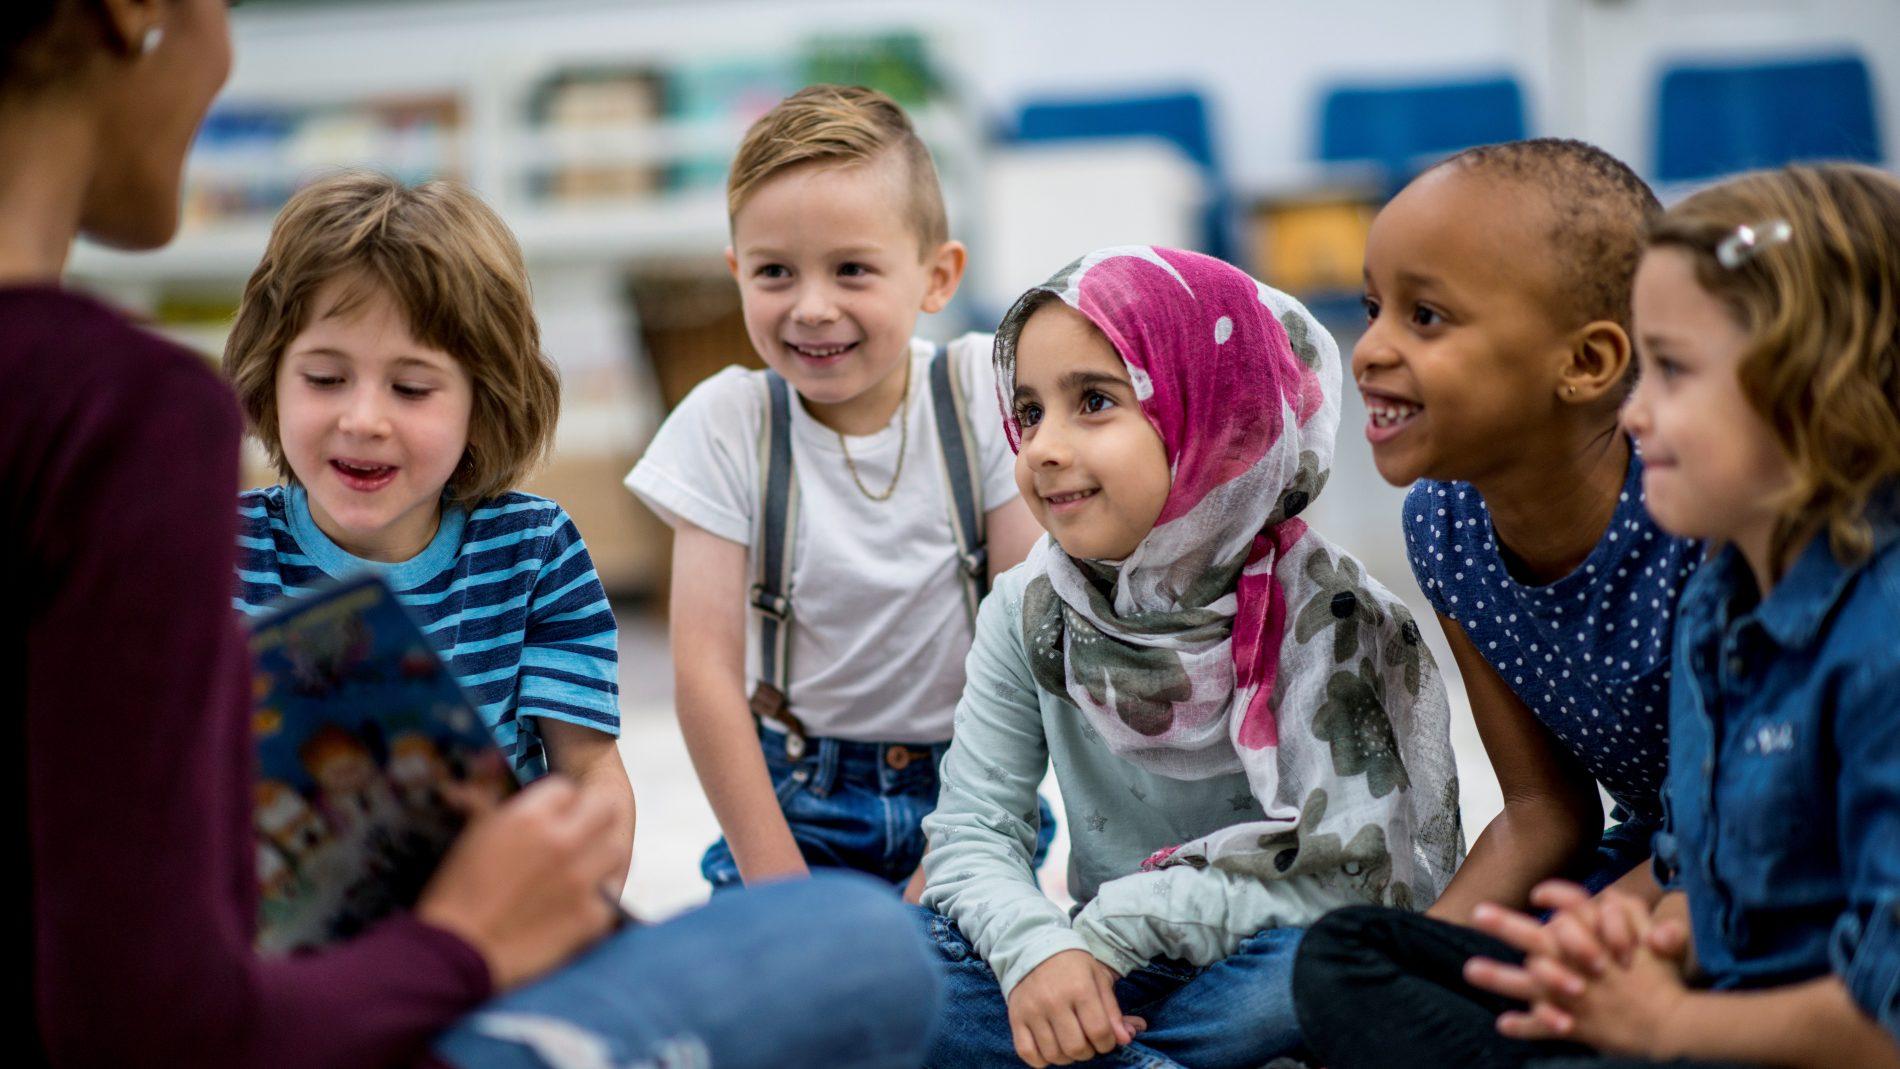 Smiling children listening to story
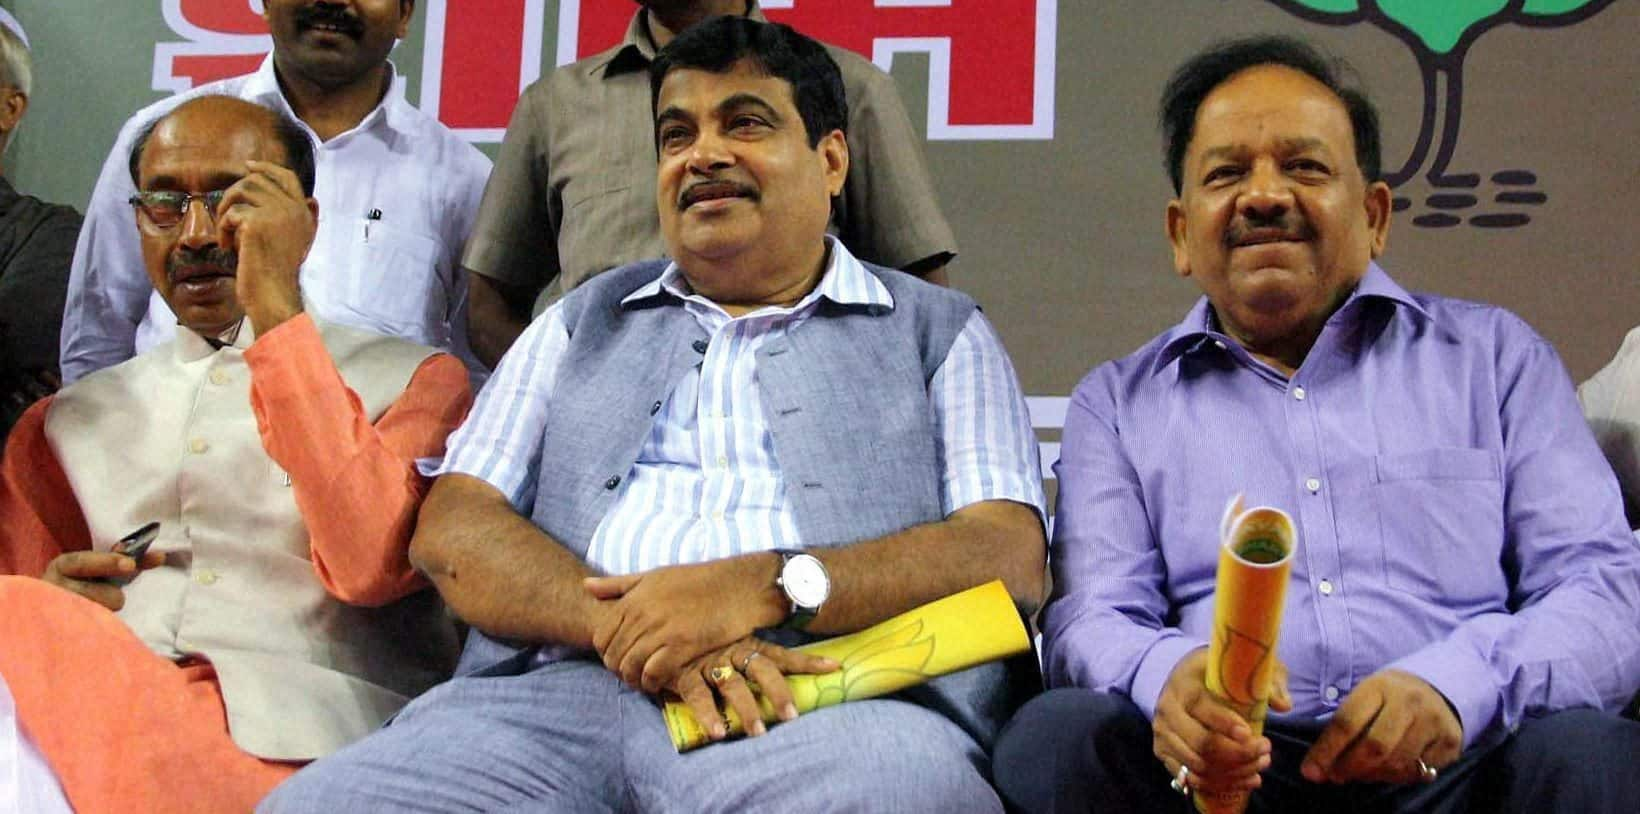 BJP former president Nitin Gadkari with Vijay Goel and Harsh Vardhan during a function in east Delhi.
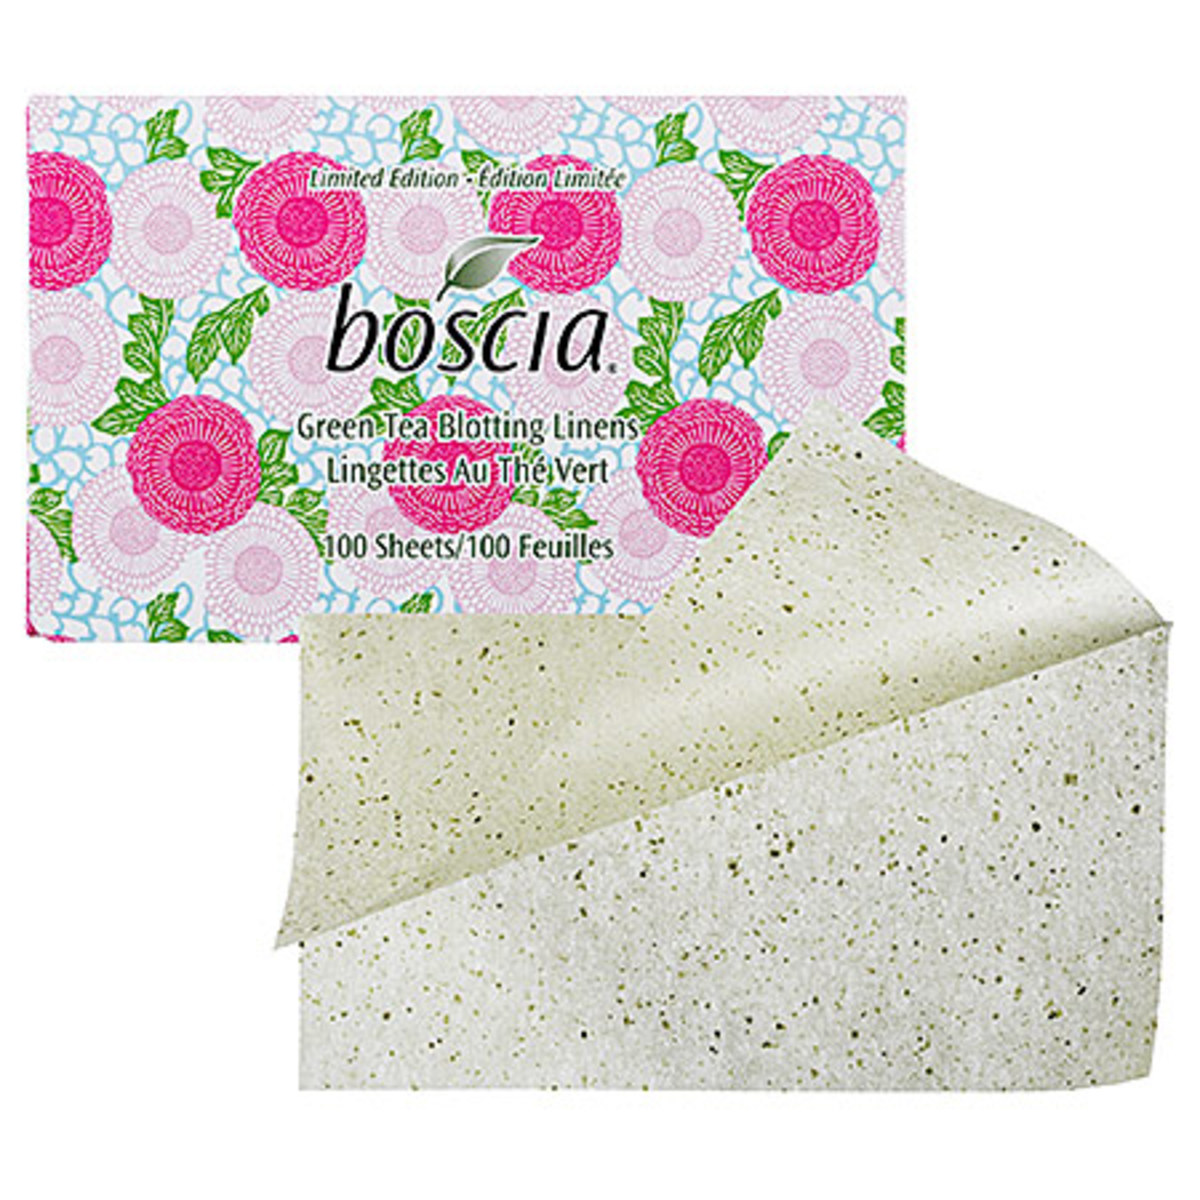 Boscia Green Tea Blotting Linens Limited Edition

__________

◆ **WHAT NEEDS TO BE DONE**
Could you copy the lines above exactly and skip the images?

◆ **SOLUTION**
 Smiling children listening to story
 BJP former president Nitin Gadkari with Vijay Goel and Harsh Vardhan during a function in east Delhi.
 Boscia Green Tea Blotting Linens Limited Edition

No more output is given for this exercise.